I think what you are suggesting is that a DELETE request to a resource that should not (in the application developer's mind) be deleted should be disallowed by said developer.
While this protection is a good idea, it doesn't change the fact that a redirect to a resource that is DELETEable would have an unexpected and unpleasant side-effect if the application developer was expecting the browser to issue a GET request.
Think about, e.g., a "delete this message and go to the next in your inbox" kind of functionality being implemented like this. Not that such an implementation would be the best idea, but it's a thought experiment.
Request method specificity in defining API endpoints is common because it allows the re-use of the same URI for different purposes.

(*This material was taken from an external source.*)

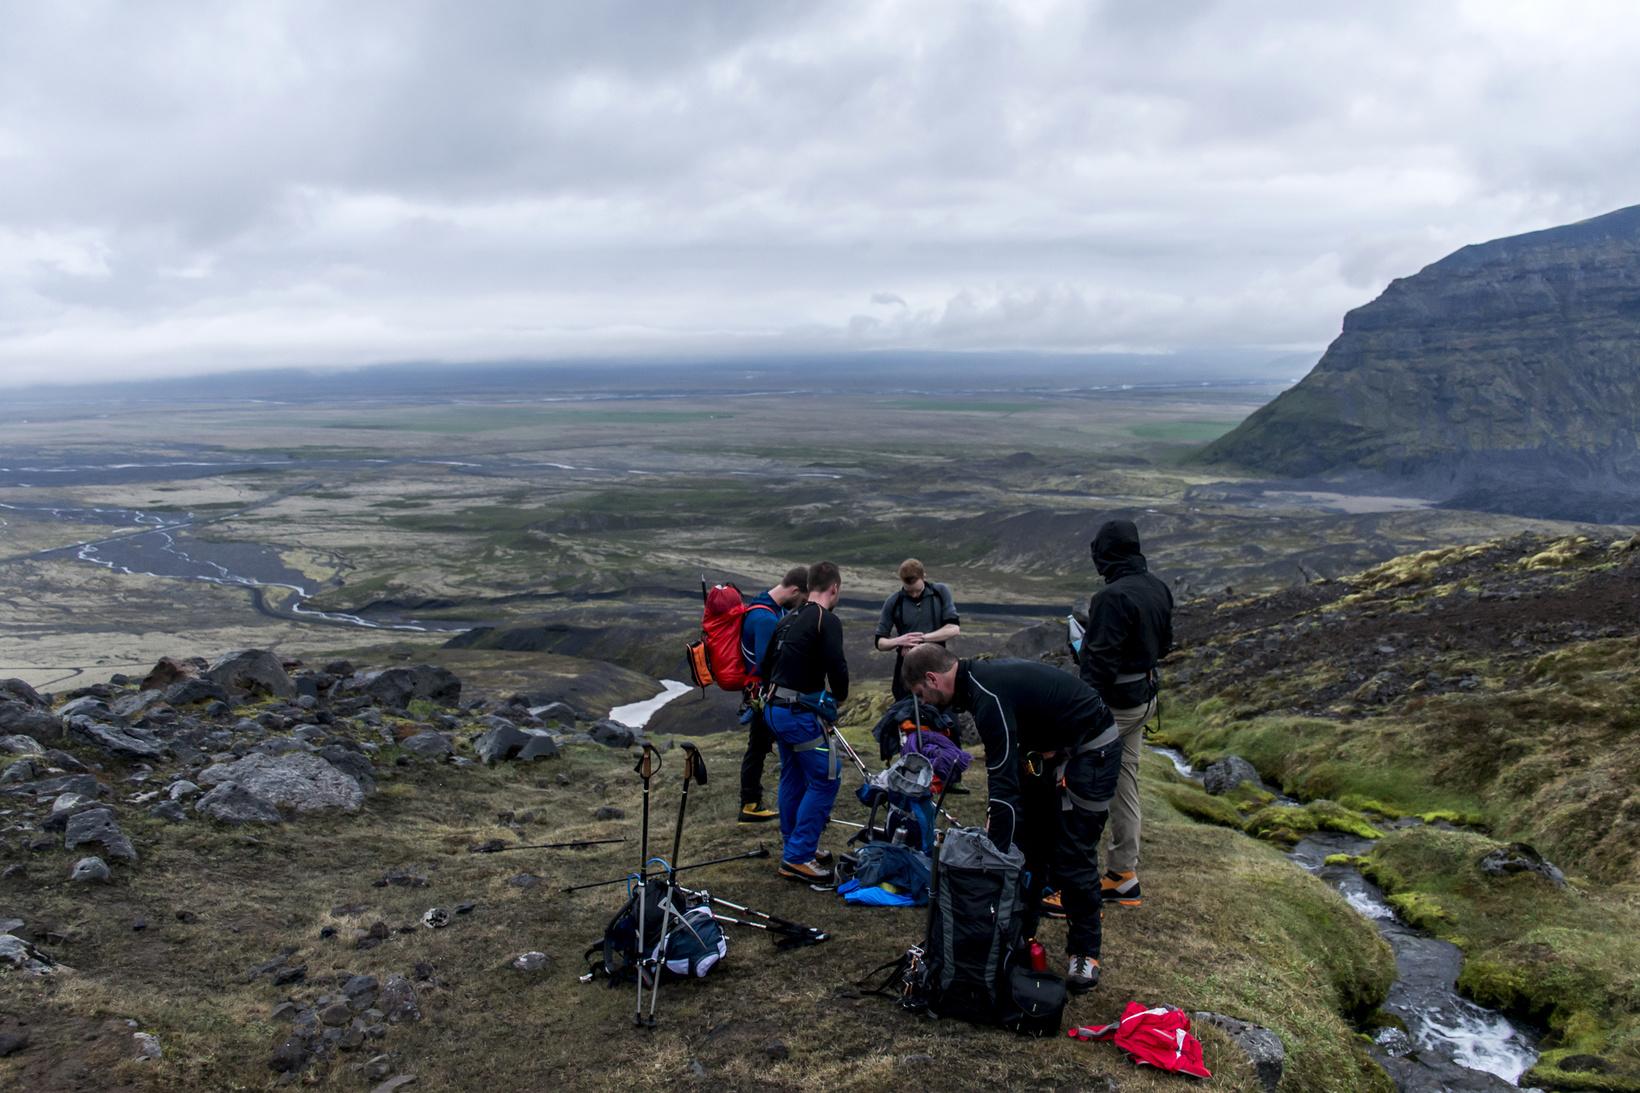 Duke of Edinburgh Award Expeditions

So in some cases you could get a 404, or the endpoint treats everything as a GET request, or as you say the redirect URI actually has its own delete method that you assume won't be used after a redirect.
It seems easy to blame the browser, not least because it's also IE, but your code should take stuff like that into account, especially when dealing with destructive requests.
To be honest though, and this may be through ignorance on my part, I don't get why you'd issue a redirect on an AJAX request after performing a delete or whatever.
If I sent an AJAX request to delete a widget I wouldn't expect to get any data back, because I'm not asking for it. I'd want at least an empty 200 OK response for a successful delete or a relevant error code. And then I could react accordingly based on the result.
The design that allows IE9 to do this appears to just cut corners.
It's a vague spec, and IE behaves differently than every other browser out there. It's vague enough that they added additional redirection codes (303 and 307).
I see your point. Although, I've been using 303 redirect for this purpose in my app after reading the specs, and haven't experienced any problems yet. So maybe you should consider switching to 303.
RFC 1945 and RFC 2068 specify that the client is not allowed
to change the method on the redirected request. However, most
existing user agent implementations treat 302 as if it were a 303
response, performing a GET on the Location field-value regardless
of the original request method. The status codes 303 and 307 have
been added for servers that wish to make unambiguously clear which
kind of reaction is expected of the client.
Rails happens to function under browsers popular at development time, but what do the standards (see nbpoole's comment) or logic suggest is the correct response for this? Asking the user agent (which in this case essentially means Javascript running on a page the user is browsing) whether /widgets/32 is equivalent to /widgets/ so it should know whether it should nuke it or not? That's a tough question for Javascript and an impossible question for the actual human who is trying to get this year's widget catalog ready.
"User requested a delete, server doesn't say delete is impossible, we'll try deleting until we get back confirmation or get told it is impossible" seems like a fairly sensible decision for me. (It is non-compliant with the specs, but GETing the new URL is also non-compliant with the specs, and that is the non-compliance that Rails relies on to actually function.)
There were similar issues way back in the day back when the Rails community was enamored with redirect_to prior to finding out important constituents on the Internet like, say, Googlebot think there are hugely meaningful differences between 301 redirects and 302 redirects.